** WHAT YOU NEED TO DO **
When you reach the line that contains "LOreal-bw.jpg", set down that line and every one after it through the end of the records, exactly as written and with no pictures.

*** Opening of DATA EXCERPTS ***

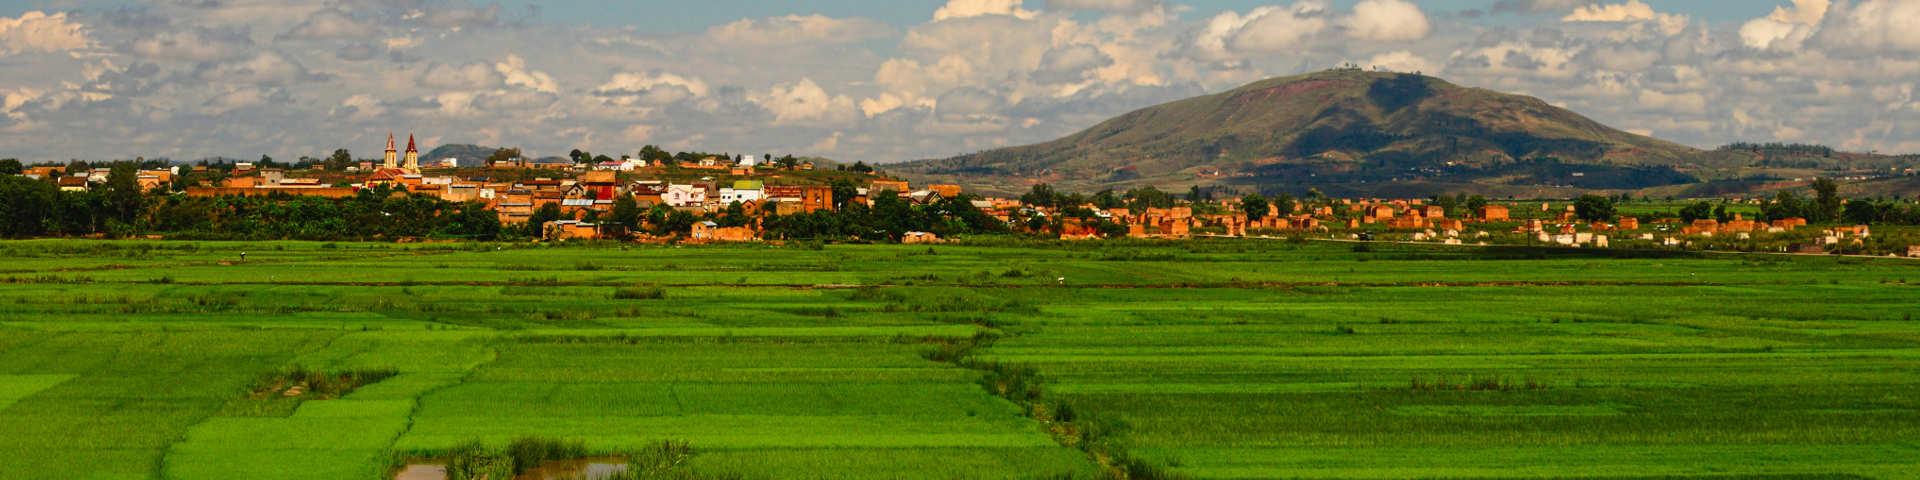 Antananarivo hero banner1
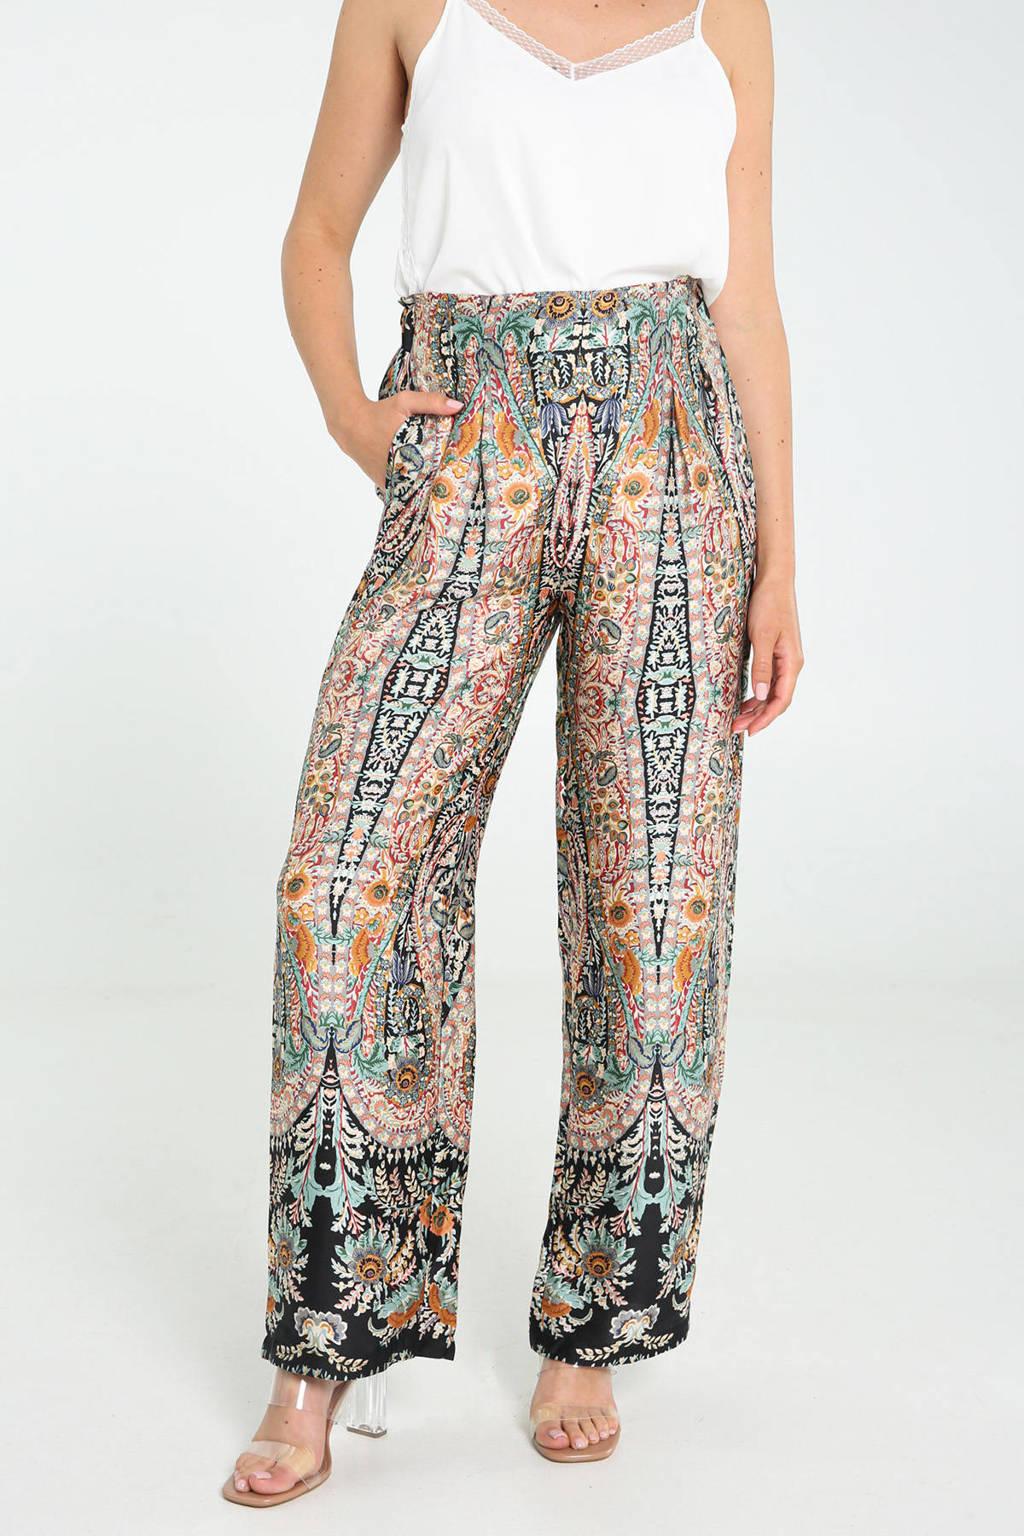 Cassis wide leg palazzo broek met all over print zwart/roze/blauw/oranje, Zwart/roze/blauw/oranje
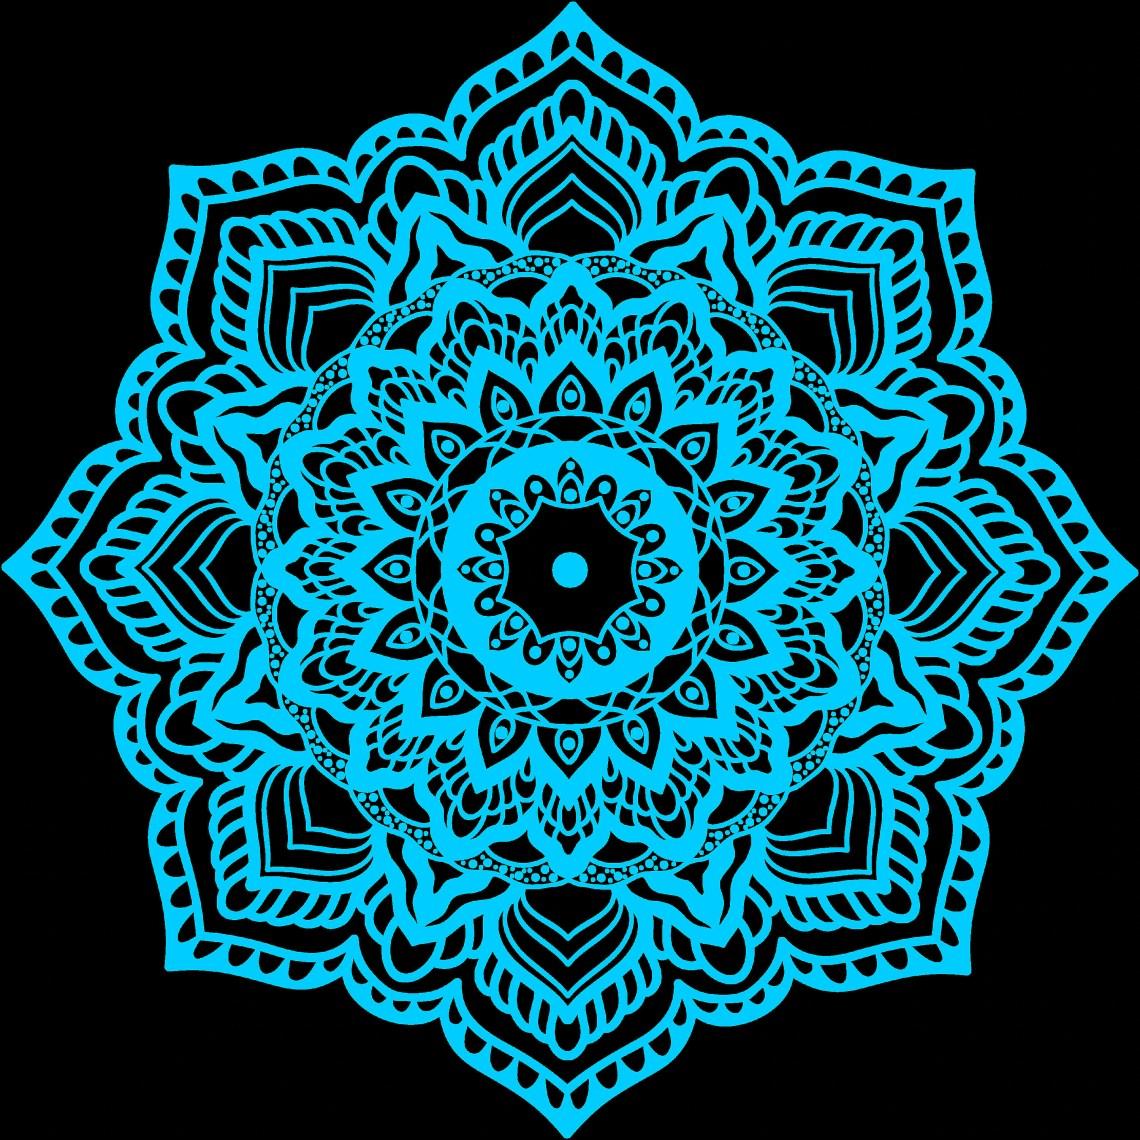 Download Mandala SVG.Mandala Drawing.Mandala vector clipart ...
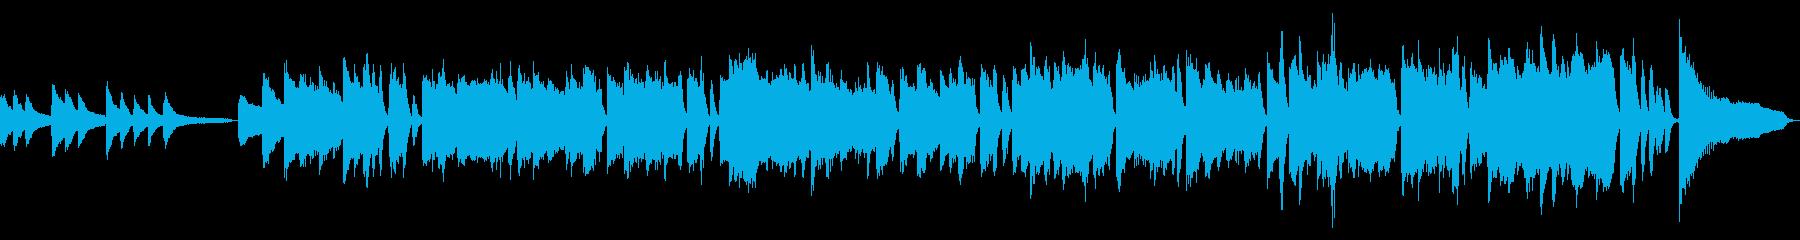 【ピアノソロ】ジングルベル(ジャズ風)の再生済みの波形
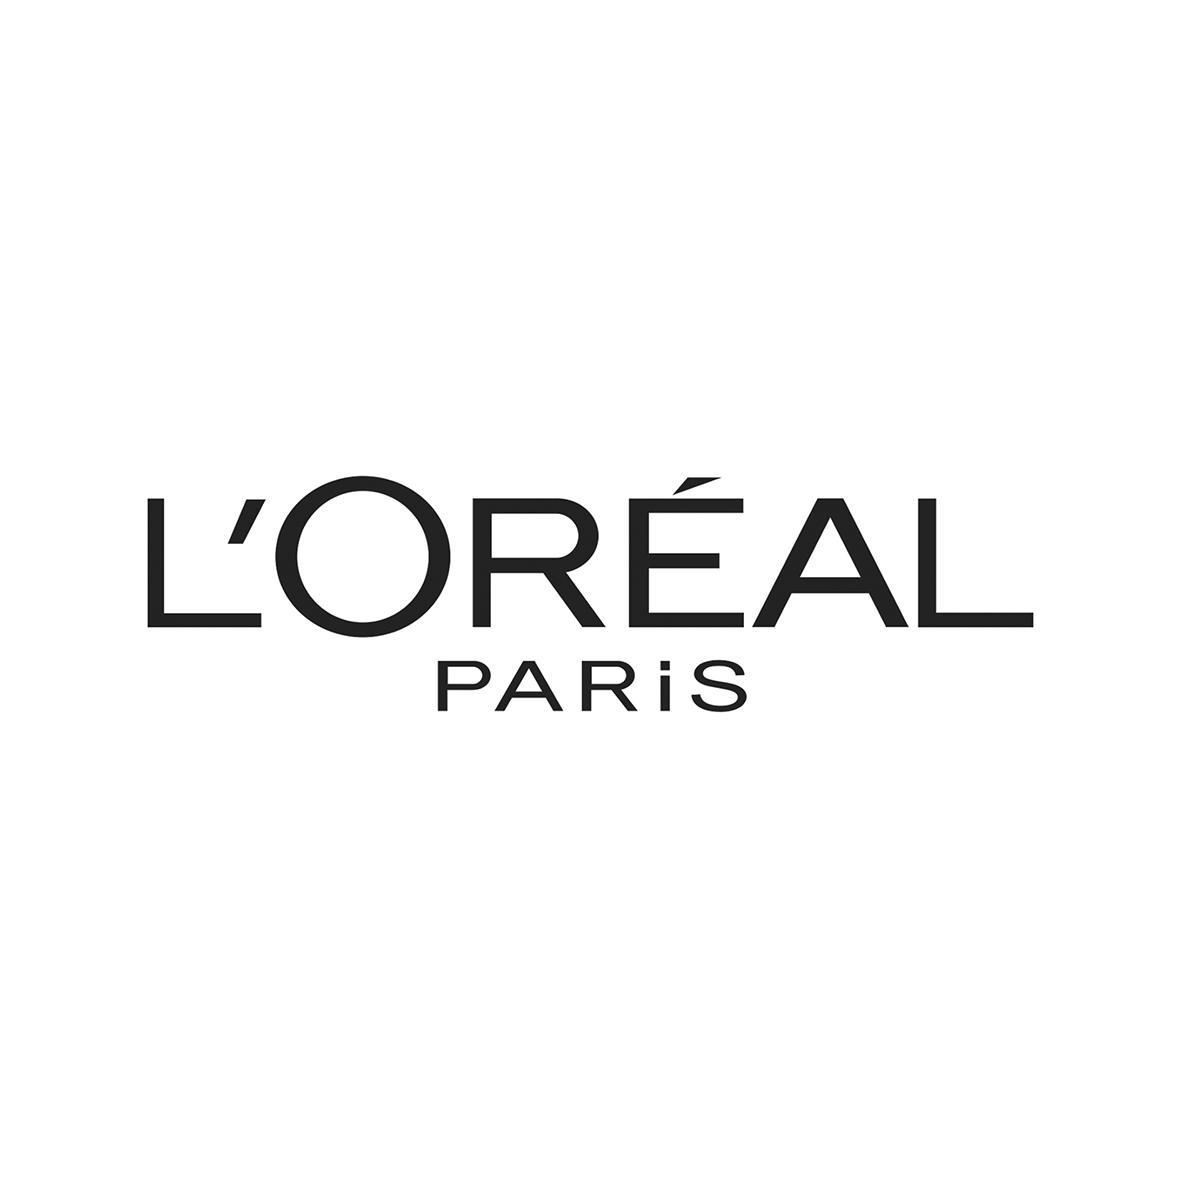 LOreal-bw.jpg
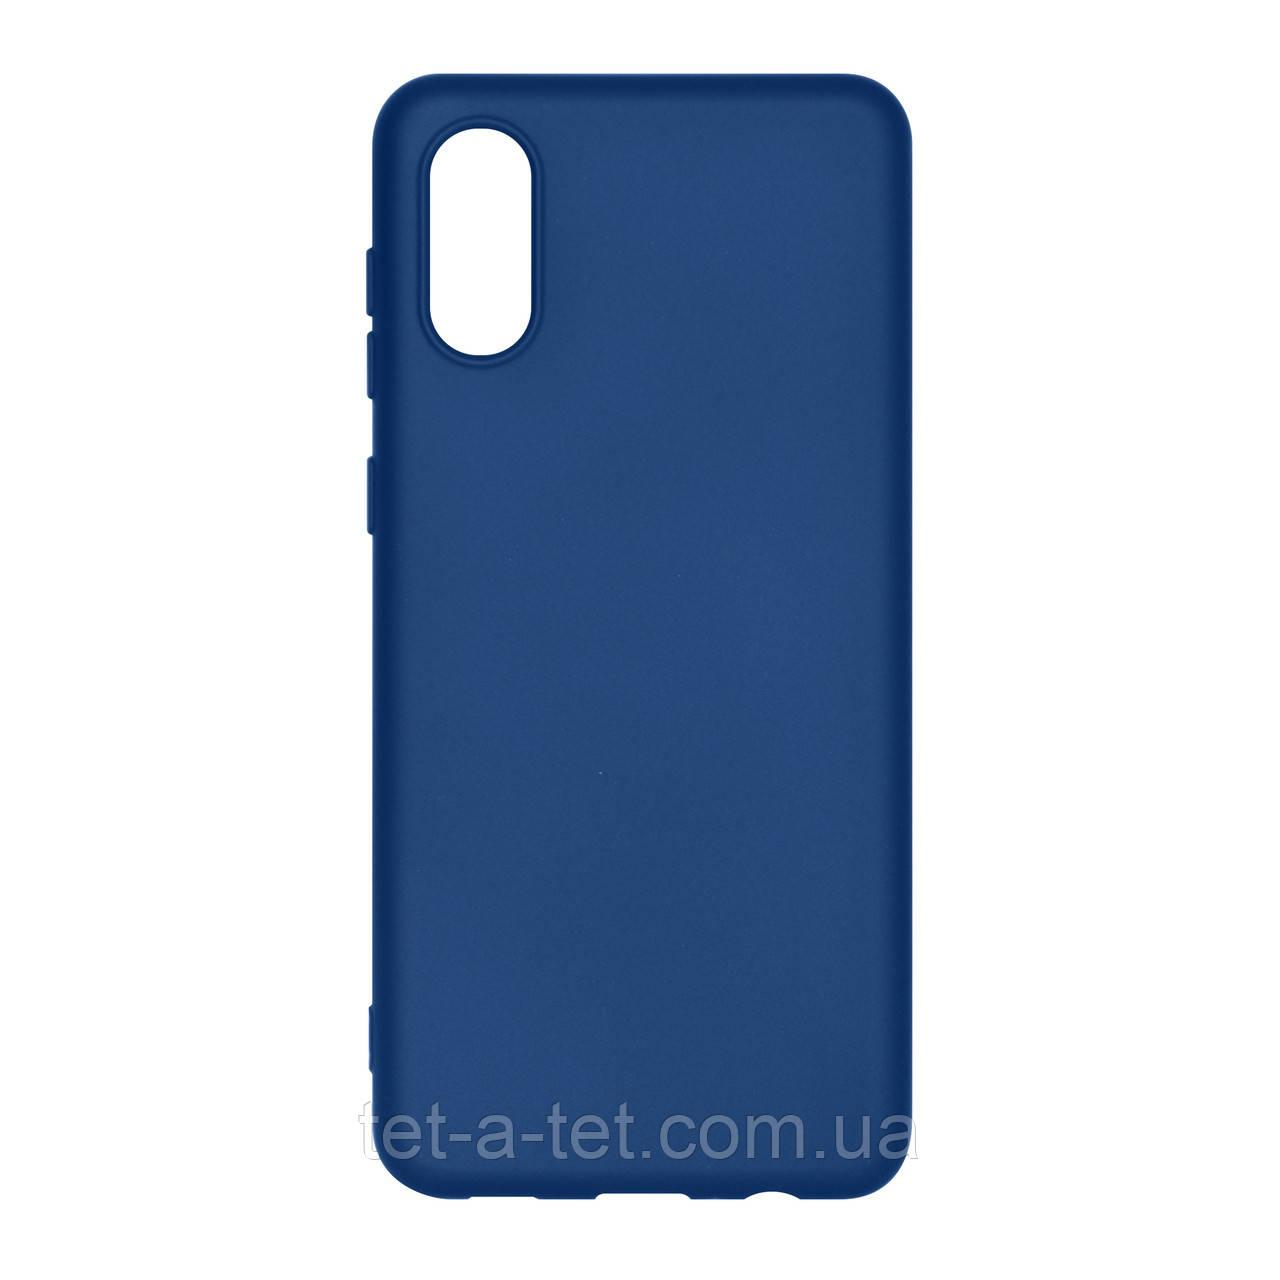 Чехол силиконовый ArmorStandart ICON Case for Samsung A02 (A022) Dark Blue

*** Close of DATA EXCERPTS ***

** ANSWER **
 LOreal-bw.jpg
 Чехол силиконовый ArmorStandart ICON Case for Samsung A02 (A022) Dark Blue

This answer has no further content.